Very Nice!! Can I bum a ride lol


----------



## spennfish (Apr 3, 2005)

I got a 2000 XJ as well. I love it!!. Goes anywhere anytime. Few minor problems, the driver side speaker problem as well ( putting new wiring in and new speakers soon) and for some reason I cannot for the life of me get the back hatch to open. I have done everything except take the inside cover off. Other than a few nicks and scrapes in good shape. Thinking about a lift kit and larger tires so if there any suggestions I will be glad to accomodate any ideas.


----------



## Railroader (Apr 13, 2005)

I've done the research, and it's gonna take a 3" lift to get 31's under a Cherokee....There are ALL Kinds of lifts, but to do it right and avoid any problems such as "Death Wobble" and driveline vibrations that EAT U-joints and other stuff, it's gonna cost some money. To the tune of about 1200-1500 bucks.....That's a LOT of cash to gain 1/2" of ground clearance. I expect that acceleration and mileage would suffer pretty bad, too. 

Mine's gonna ride just fine on a new set of 30x9.50's, since the whole object of this excercise was CHEAP, CHEAP, CHEAP!


----------



## Railroader (Apr 13, 2005)

Surf Fish said:


> TWO rod holders? Come on Willis, you can do better than that. Where you gonna put the other 14 rods you normally take fishin'?
> 
> You need AT LEAST SIX rod holders on the front, and don't forget the bait bucket and the cast net bucket.
> 
> ...



Them bugs WON'T COME OFFThey've eaten into the paint....My Cuz didn't EVER wash the danged thing.

Anyway, I'm interested in RESULTS, not a paint job...
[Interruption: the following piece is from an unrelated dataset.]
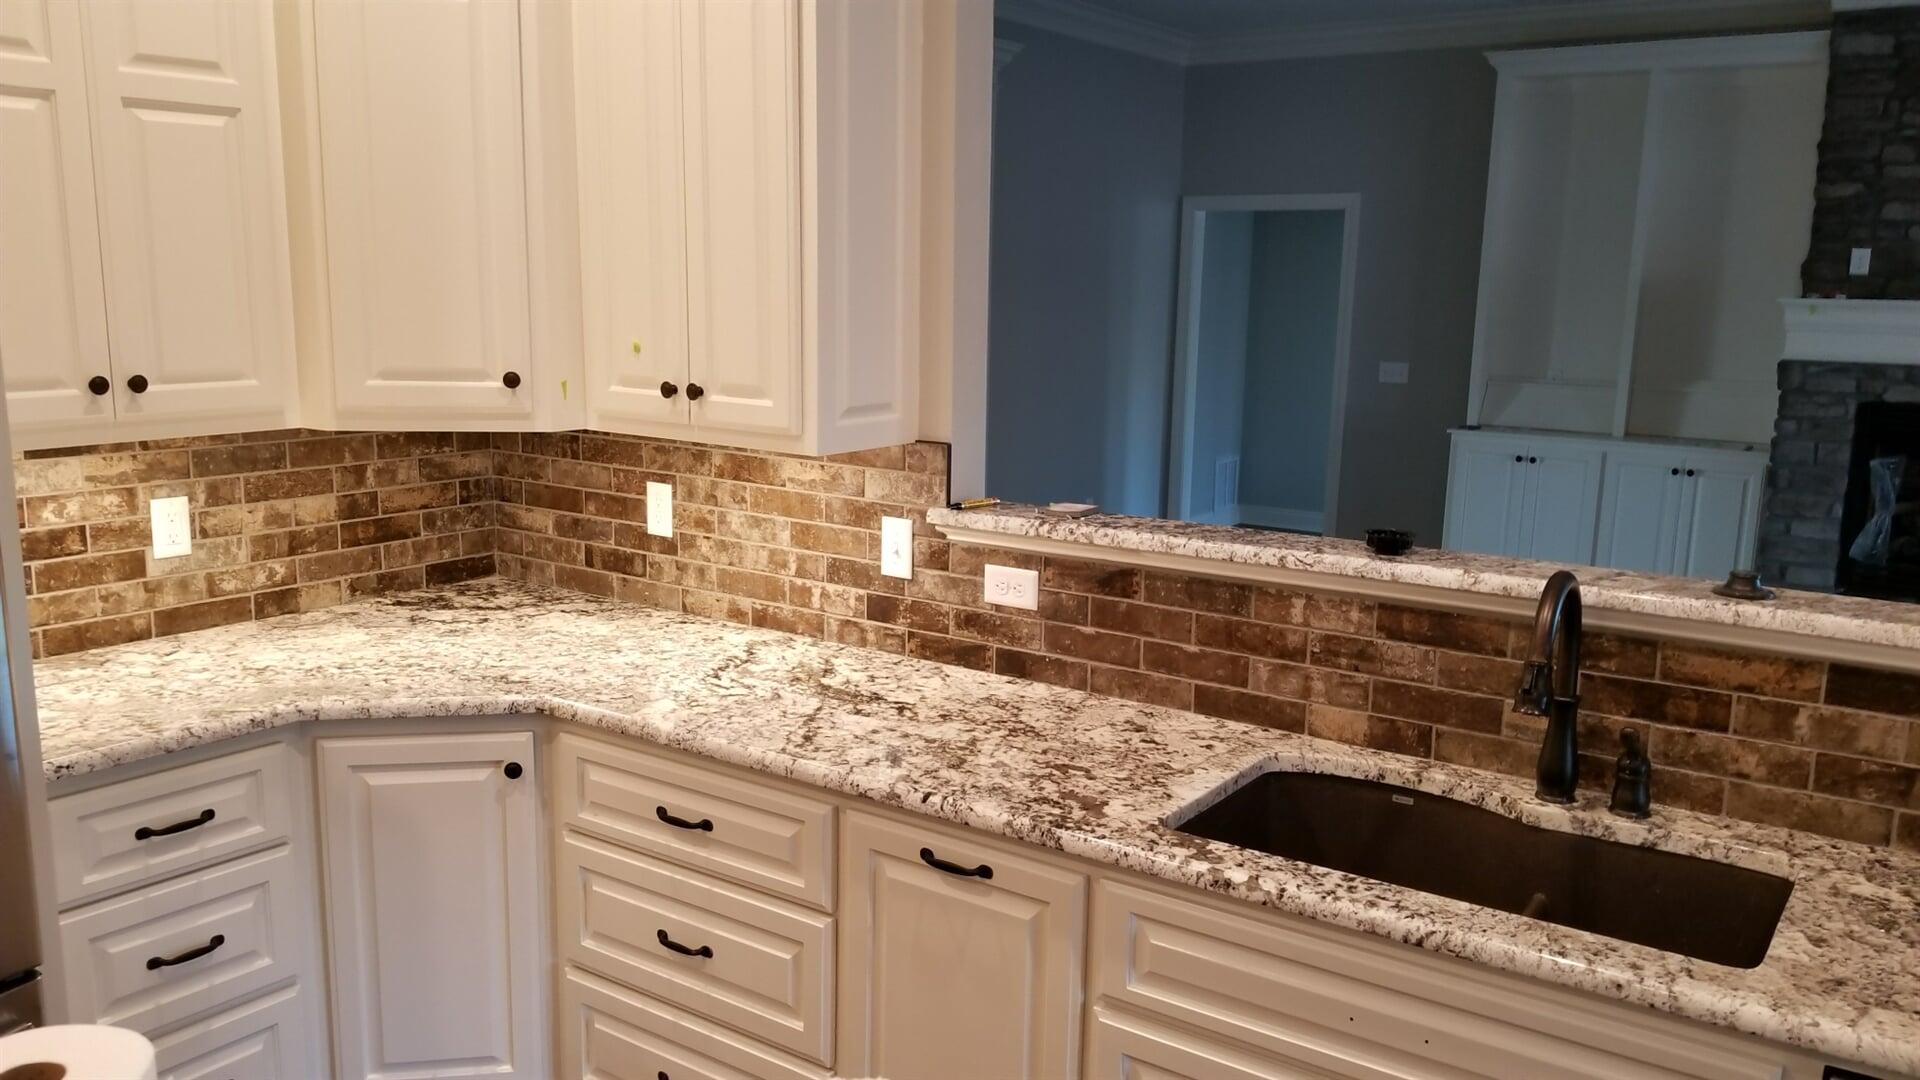 kitchen backsplash from Roop's Carpet in Bald Knob, AR
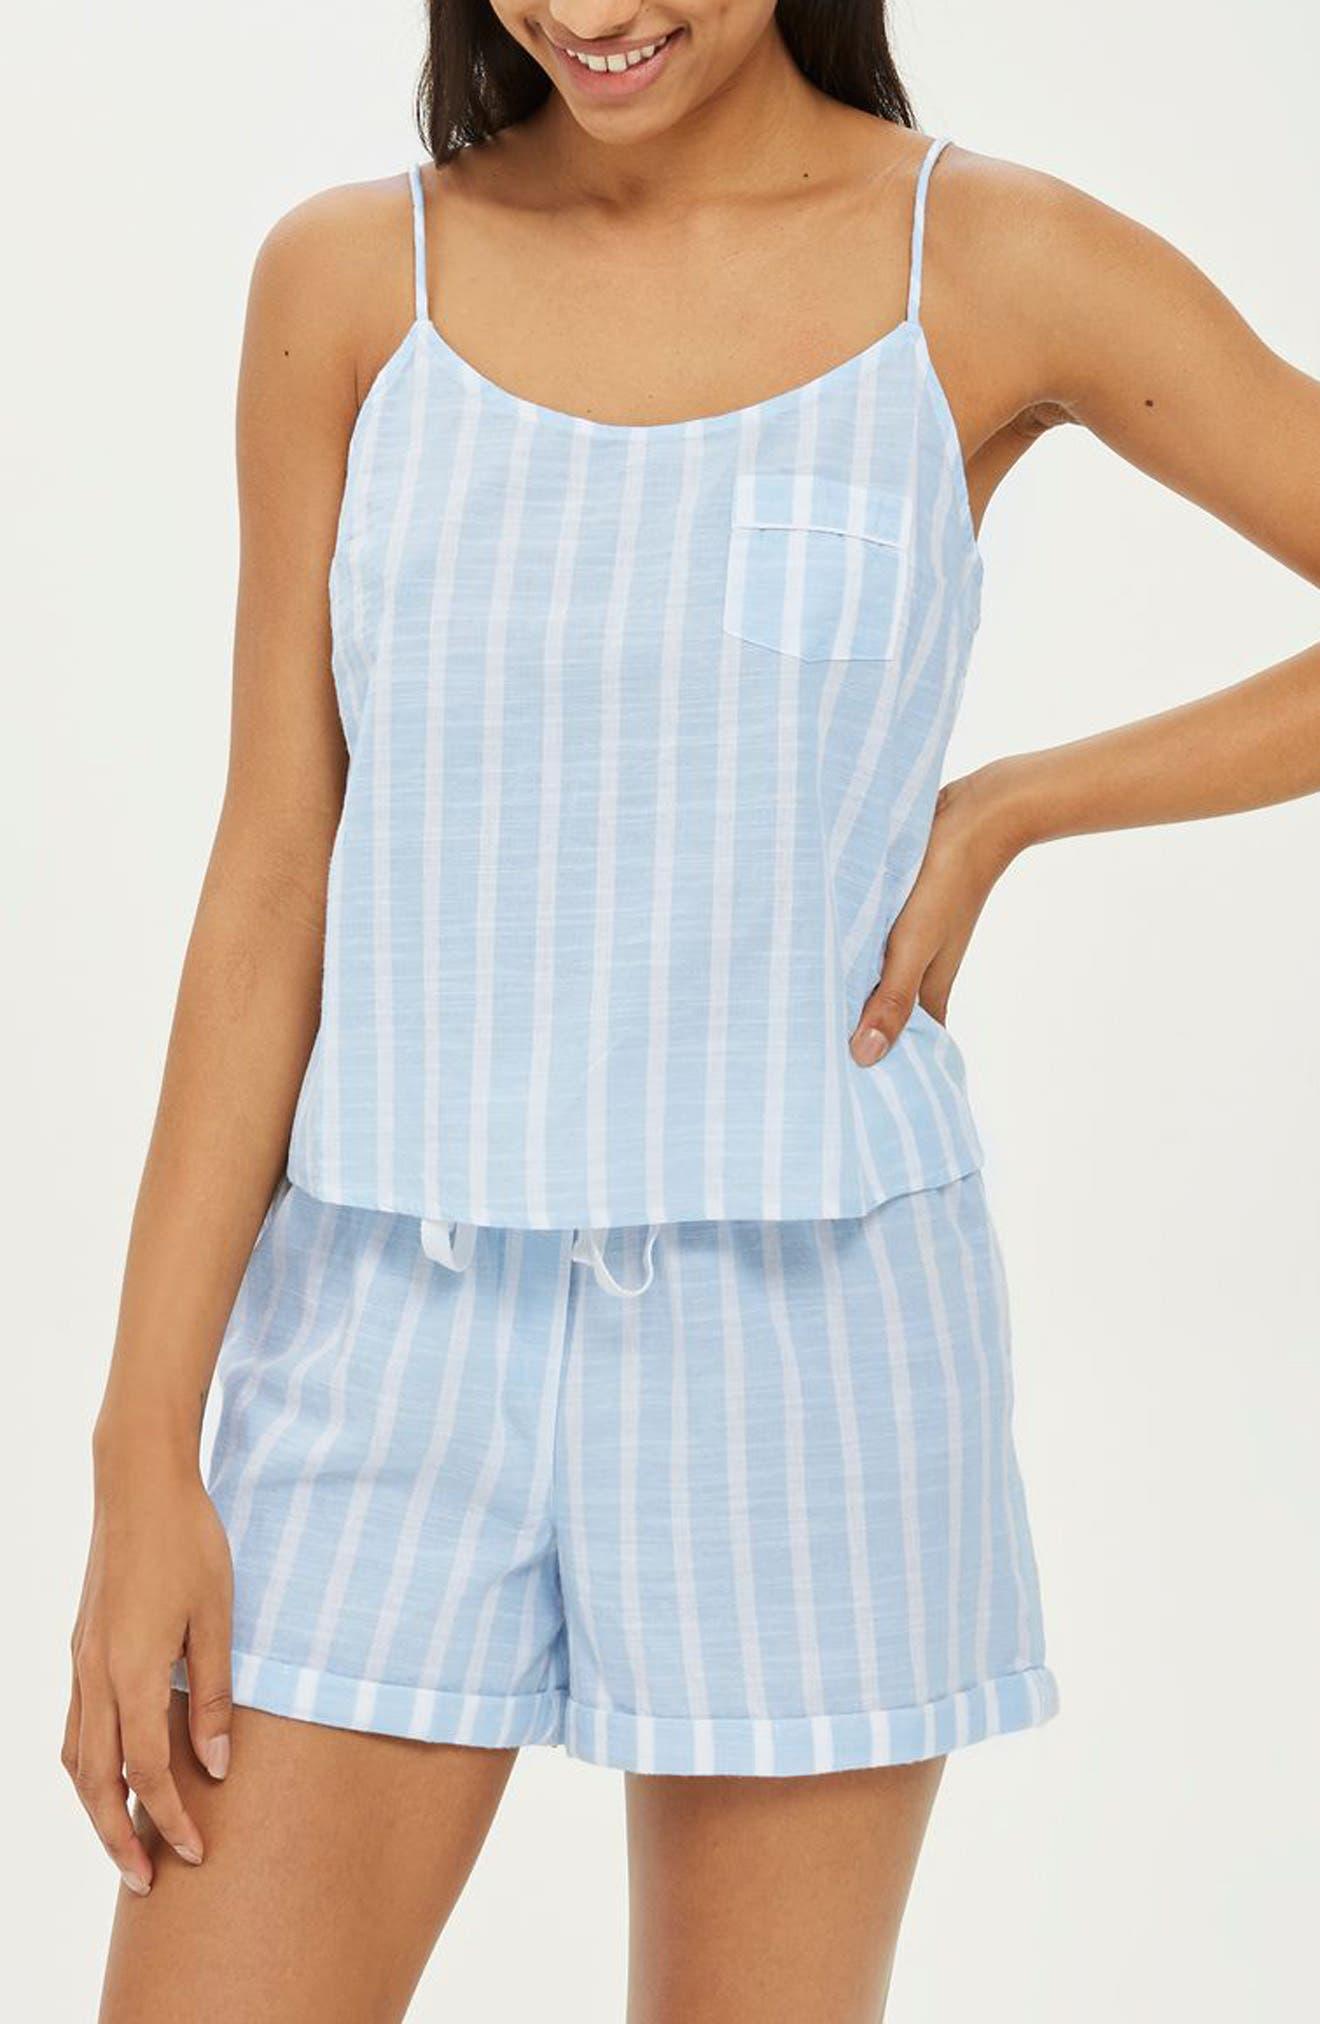 Stripe Camisole Pajama Top,                             Main thumbnail 1, color,                             LIGHT BLUE

I am thinking of making two more holders, though...


----------



## Fishbreath (Nov 11, 2004)

Hey RR,

Nice rig...gotta love those Jeeps! I have a Jeep Cherokee as well. Put new shocks all around and new leaf springs on the rear - raised the rear 6". Think I'm going to put in new coil springs on the front to finish it off.

Have a rod rack (Thule ski rack) on top, and a Hidden Hitch Front end receiver for my rod/cooler rack. Also have a Rear end receiver for a flat loader that I can also place coolers on and get into the back of the jeep easily. 

You're on your way!!  

FB


----------



## Railroader (Apr 13, 2005)

Hey, FB..

How 'bout a pic of your rig...???

I love the idea of a front reciever, I could carry a REAL spare tire!!! Might have to do that...


----------



## Fishbreath (Nov 11, 2004)

RR, don't have a pic to load yet. When I get home, I'll snap one and then load it up to show ya.


----------



## Fishbreath (Nov 11, 2004)

What did you use the Lemon Pledge for?


----------



## Railroader (Apr 13, 2005)

Hey, FB..

How 'bout a pic of your rig...???

I love the idea of a front reciever, I could carry a REAL spare tire!!! Might have to do that...

HELP!!!....MODERATOR....

I don't know what in the heck happened here.... I've seen double posts, but not triple...

Clean this up if you please.....


----------



## Railroader (Apr 13, 2005)

Fishbreath said:


> What did you use the Lemon Pledge for?



That's just Surf fish giving me crap.... 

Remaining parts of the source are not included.